Supporters of the Israeli government are outraged at comparisons to South Africa. They note that Israel’s Arab minority, about 20% of the population, can vote and, even if there is some discrimination, have risen high in business, politics and entertainment. They say the West Bank is “disputed,” not occupied, and defend Israel’s presence in the West Bank in terms of security or the deep Jewish connection to what religious Jews call biblical Judea and Samaria.

The comparison is “deeply offensive,” said Eugene Kontorovich, head of the international law department at the Kohelet Policy Forum, a conservative think tank in Jerusalem that frequently advises Netanyahu’s government.

“Apartheid was a system in which a minority white government in South Africa ruled over the Black majority,” he said. “They taxed them. They drafted them, and they passed every law under which they lived.”

He said none of these conditions apply, with most Palestinians governed by the self-rule Palestinian Authority, which has limited autonomy in parts of the West Bank.

Pogrund sees things differently, the result of his years of experience in South Africa.

As a reporter and editor at the Rand Daily Mail in Johannesburg, Pogrund documented many of the horrors of apartheid.

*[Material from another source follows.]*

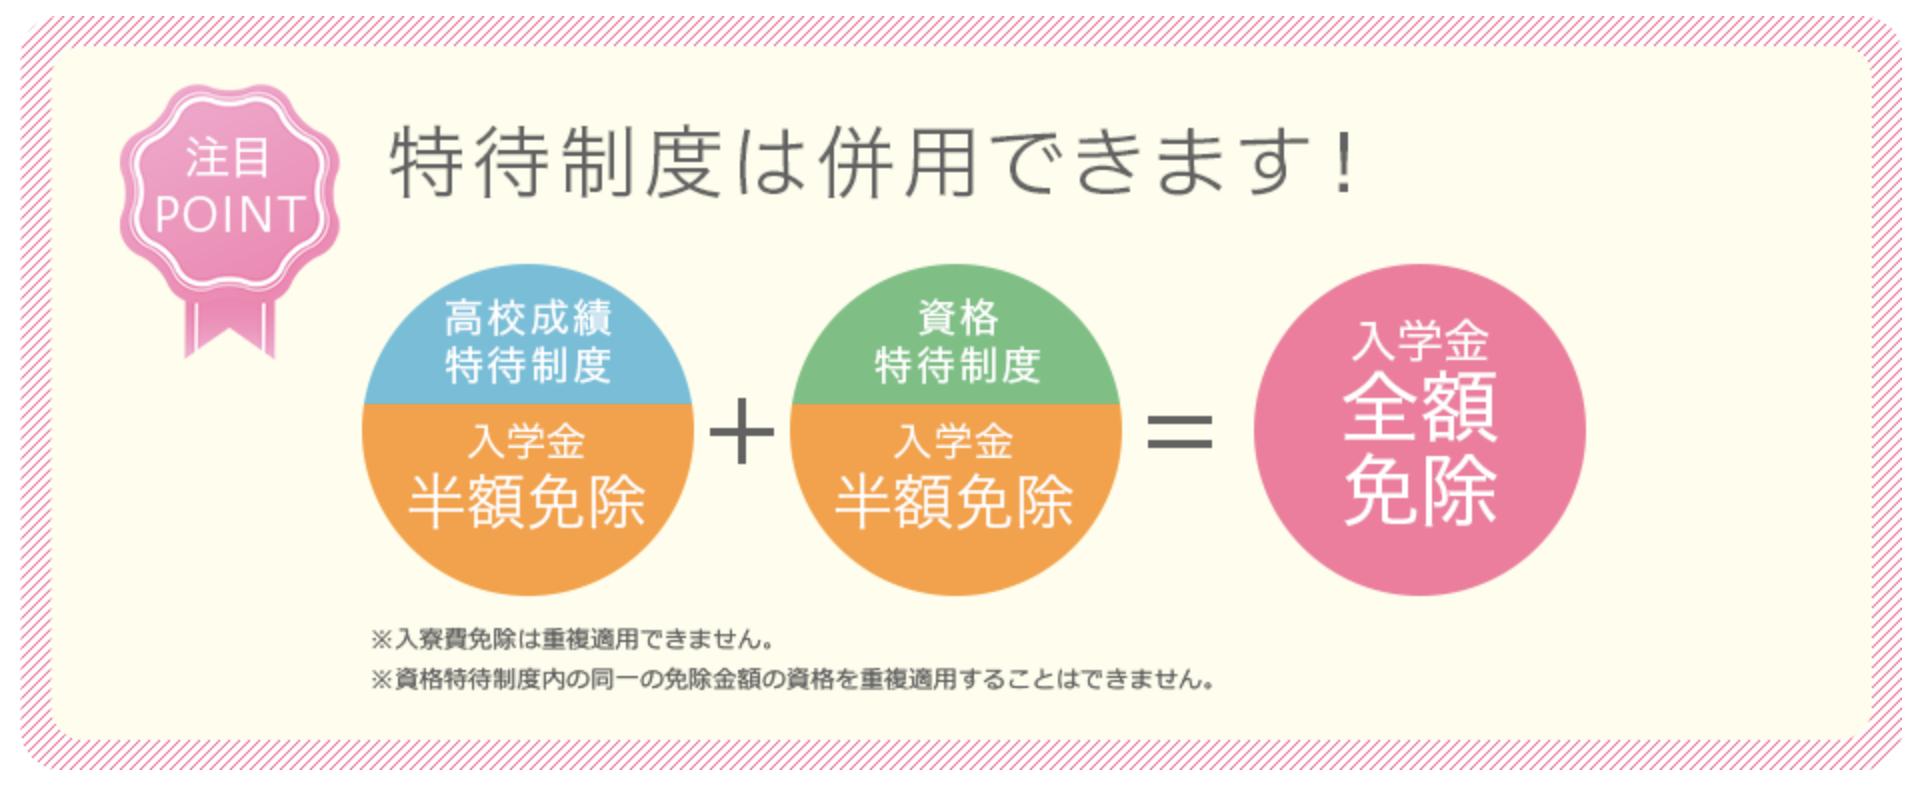 聖徳大学入試特待制度のご紹介

These included the infamous Sharpeville massacre in which South African police fired on black protesters, killing 69 people, and exposés about prison conditions and the torture of Black prison inmates. He was jailed for refusing to identify an informant, put on trial for his reporting, saw his home ransacked by police and sometimes required a bodyguard. He visited Mandela, a trusted source and friend, in prison. Last year, he received a “National Order,” one of South Africa’s most prestigious awards.

Pogrund left South Africa after his newspaper was closed in 1985 under government pressure. After time in London and the United States, he moved to Israel in 1997.

Pogrund is a vocal critic of Israel’s treatment of the Palestinians. He describes the West Bank occupation — in which Israeli settlers and Palestinians live under different sets of laws — with words like “tyrannical,” “oppression” and “brutality.” But he has always stopped short of calling it apartheid, believing the term is uniquely evil.

“It’s a deadly word,” he said.

Advocates of the term argue that it already is applicable in the West Bank because, despite the existence of the Palestinian Authority, Israel has ultimate, de facto control over the territory. It controls entry and exit, water and other resources and overall security. Under interim peace accords, it also maintains full control over 60% of the West Bank where all settlements are located and tens of thousands of Palestinians live but have no voice.

As appalling as he finds the occupation, Pogrund has argued for years in articles, lectures and a 2014 book that the situation lacks the “intentionality” and “institutionalized” racism of South Africa.

Where South Africa’s system was designed with the intent of creating second-class people based on their skin color, he believes Israel’s poor treatment of Palestinians are rooted in security concerns.

“There’s discrimination. There’s oppression. It’s not apartheid,” he said.

Pogrund said he began to have misgivings several years ago when the Israeli parliament passed its “Nation State Law,” which declared the country to be the “national home” of the Jewish people while appearing to downgrade the status of the Arab minority.

“Annexation will take us right over the edge,” he said.

In a recent interview, Netanyahu said Palestinians would remain in “enclaves” and “remain Palestinian subjects.” Some reports have suggested that Netanyahu may scale back the annexation to help minimize international criticism, but Pogrund says size doesn’t matter.

During his time in London, he recalled a shopper picking up a package of grapes, seeing they were a product of South Africa and putting them down in disgust. He fears Israel will be in a similar position.

“You’ll be carrying the apartheid stigma,” he said. “We are heading straight into self-inflicting (this) on our ourselves. We are applying apartheid, the hated word of the second half of the 20th century.”